Des hommes pro-Maduro ont ouvert le feu dans un quartier de l'ouest de Caracas tandis qu’ils circulaient à moto, a confirmé la justice vénézuélienne. L’attaque est survenue vers 15 h (heure locale), devant l’église Notre Dame de Carmen à Catia, un quartier traditionnellement reconnu pour son appui au gouvernement.

Le président Nicolas Maduro a blâmé l’opposition pour cette éruption de violence.

« Prenons part à une nouvelle ronde de négociations, un dialogue pour la paix », a-t-il déclaré à la télévision d’État, sans toutefois faire de référence spécifique à l’attaque survenue un peu plus tôt.

Le président vénézuélien souhaite établir une Assemblée constituante composée de 545 membres élus, qui auront la mission de modifier la Constitution en vigueur pour « assurer la stabilité politique et économique du pays ».

Près de 70 % des Vénézuéliens s'opposent à ce projet et 80 % dénoncent la gestion du pays par le gouvernement Maduro, selon l'institut de sondage Datanalisis.

L'opposition antichaviste – du nom de l'ancien président Hugo Chavez – voit le projet comme un moyen de contourner l'Assemblée nationale, où l'opposition est majoritaire depuis un an.

L’opposition a donc organisé une vaste consultation symbolique sans l’aval des autorités, et ce, après plus de trois mois de manifestations violentes qui ont fait au moins 95 morts.

Près de 2000 bureaux de vote ont été installés à travers le pays, qui compte un peu plus de 31 millions de personnes.

Le succès de la démarche symbolique dépendra du taux de participation enregistré. Les analystes s’entendent pour dire que la pression sur le gouvernement Maduro serait « significativement accrue » si 8 millions de personnes prenaient part au processus.

De vastes foules devant les différents bureaux de vote de la capitale laissaient croire à une forte participation tout au long de la journée.

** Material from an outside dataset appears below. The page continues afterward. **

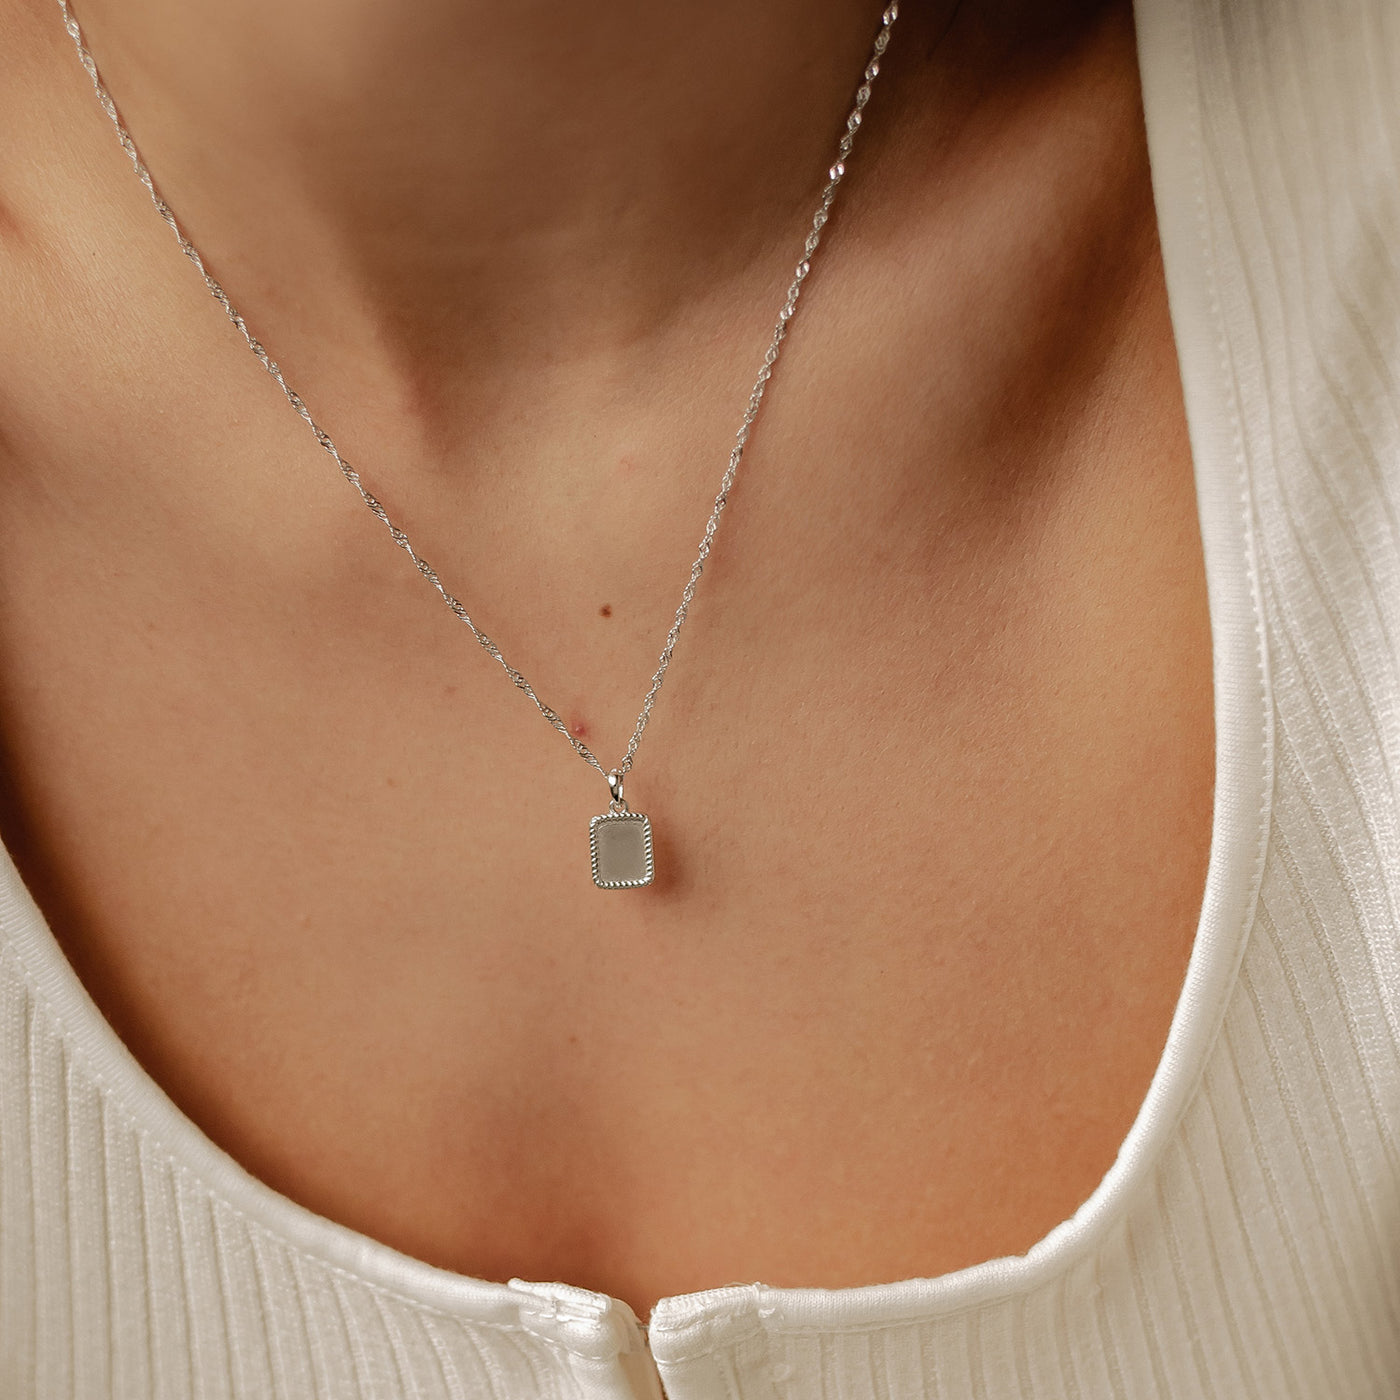 Square Rope Pendant Necklace Sterling Silver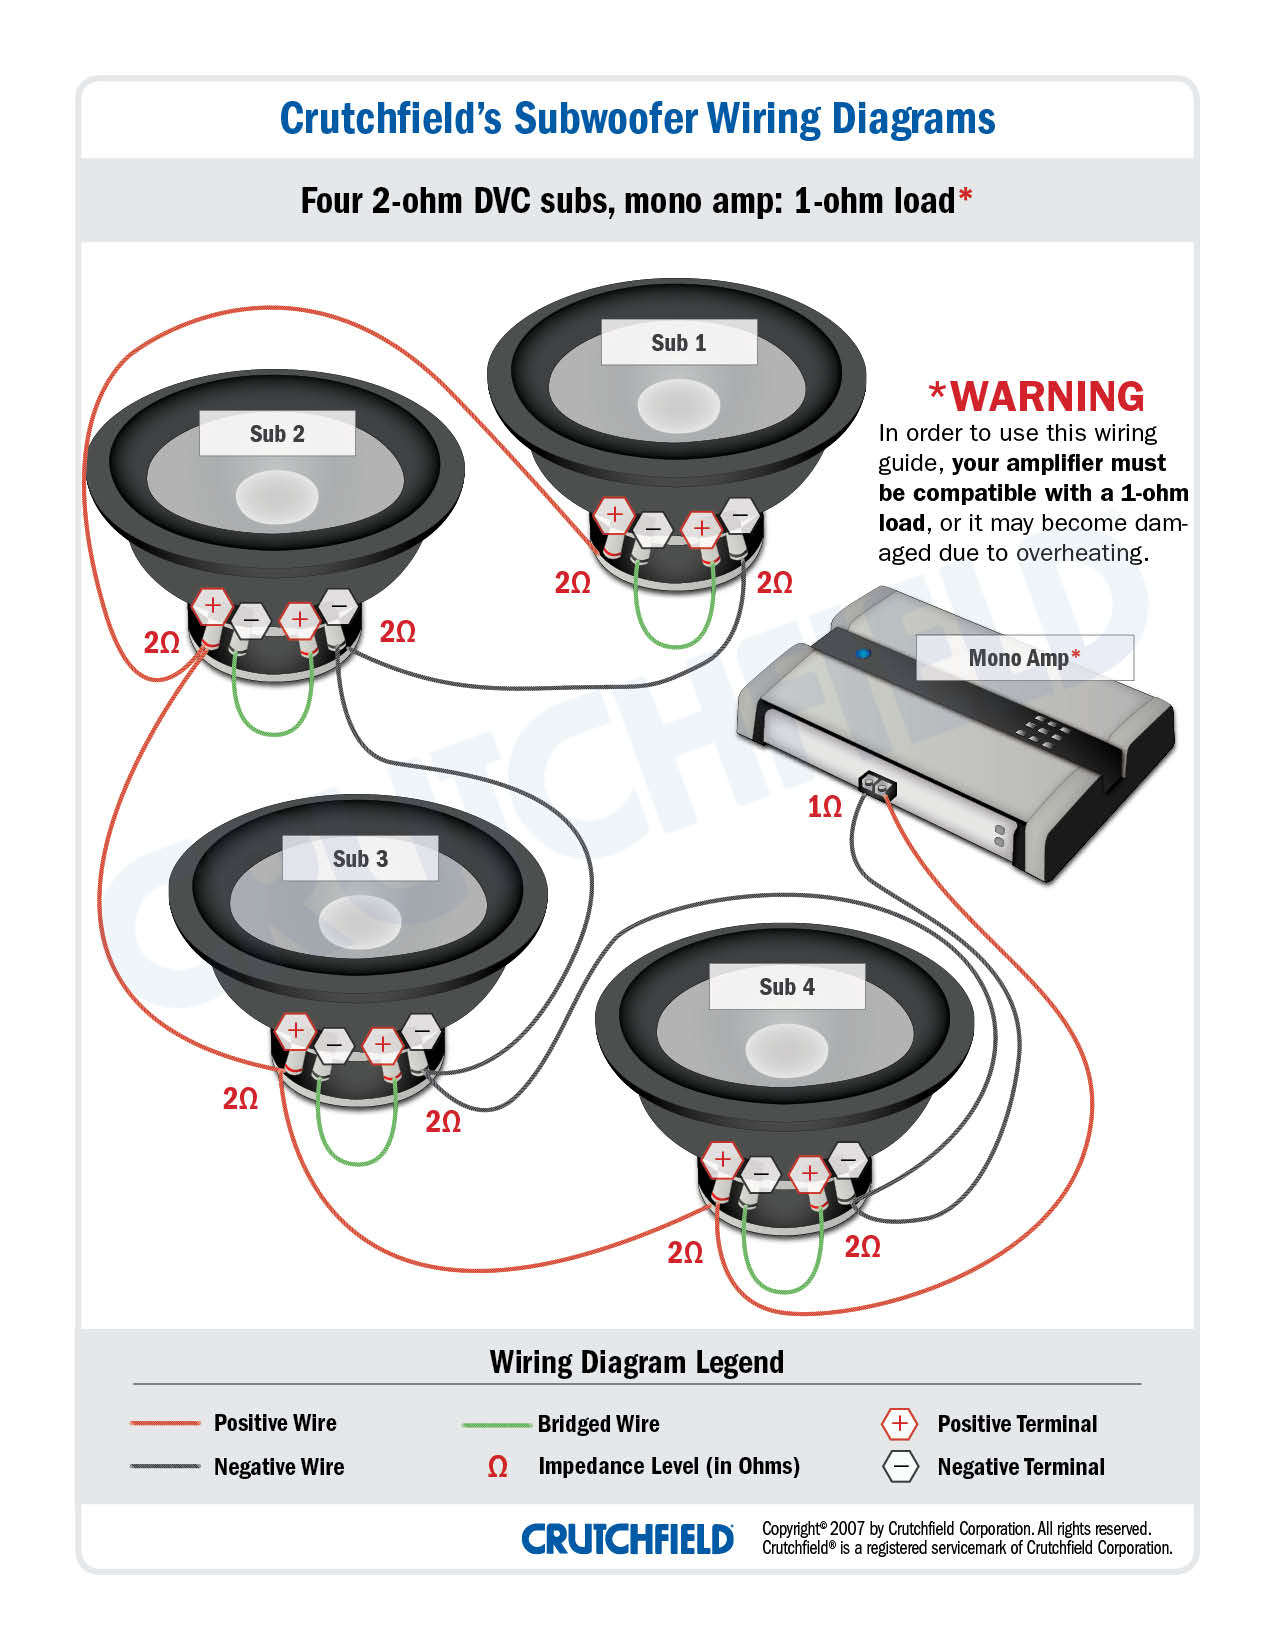 Subwoofer Wiring Diagram For 6 Subs from images.crutchfieldonline.com

« Nous sommes ouverts depuis 7 h ce matin et la file d’attente n’a pas diminuée », a déclaré Pedro Garcia, responsable du bureau de vote d’un quartier du sud de la capitale, et dont l’appui traditionnel au gouvernement s’est étiolé au cours des dernières années.

Dans un effort pour détourner l'attention, le gouvernement a toutefois aussi invité la population, dimanche, à tester les machines de vote qui seront mises en place le 30 juillet pour l'élection des membres de l'Assemblée constituante.